AbstractThe Olkhon Terrane is thought to preserve a record of the initial collision of the Siberian Craton with its peripheral orogenic system during the early Paleozoic. However, the related tectono‐metamorphic process and its time‐scale remain obscure. To address this issue, new structural observations combined with U‐Pb zircon and monazite and 40Ar/39Ar biotite geochronology were conducted in the migmatitic‐granitic Anga‐Sakhurta Zone of the terrane. An earliest syn‐collisional event associated with the development of a c. 500–480 Ma sub‐horizontal migmatitic fabric is confirmed. This early fabric was affected by later extensional doming in association with emplacement of partial melts (in terms of c. 470–445 Ma granite sills) parallel to the sub‐horizontal mechanical anisotropy. Subsequent upright folding leading to amplification of extensional domal structures and heterogeneous vertical transposition of composite horizontal fabric occurred soon after the doming, as indicated by intrusions of residual melts into the axial planes of the upright folds. The latest episode of deformation was marked by development of greenschist‐facies sinistral shear zones surrounding the Anga‐Sakhurta Zone at c. 420–400 Ma.

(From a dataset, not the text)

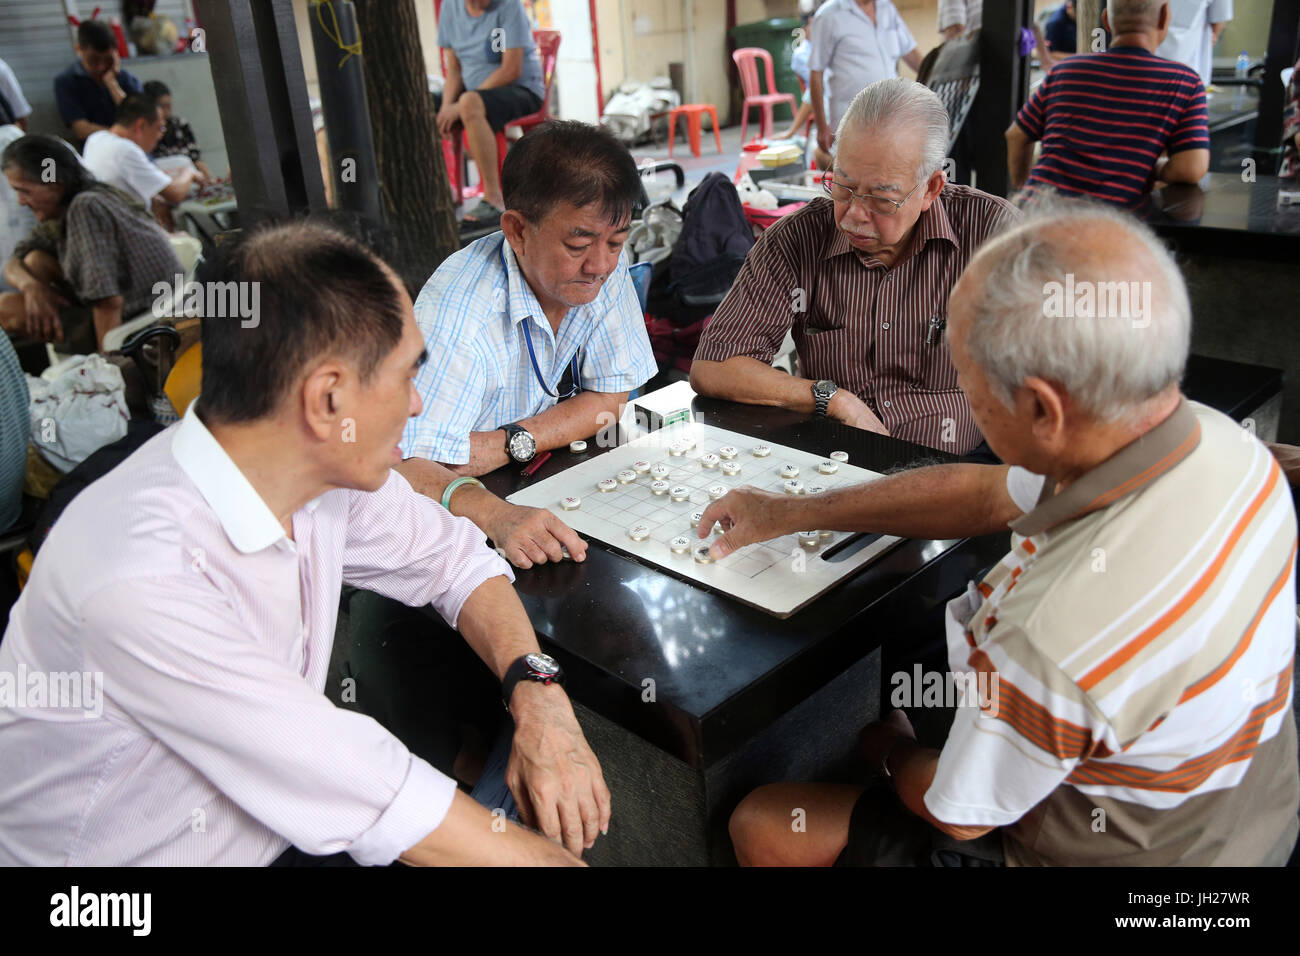 Groups of people congregate to play draughts and other board games on the streets of Chinatown.  Singapore. Stock Photo

An updated tectonic model involving (a) Middle–Late Ordovician crustal thinning associated with horizontal crustal flow, (b) Silurian crustal shortening related to northwards movement of Cambrian magmatic arc of the Birkhin Complex to the south, and (c) Early Devonian lateral extrusion and sinistral shearing associated with progression of the Birkhin Complex promontory, is proposed. Results from this study shed lights on the collisional evolution of peri‐Siberian orogenic system during the early stage evolution of the Central Asian Orogenic Belt.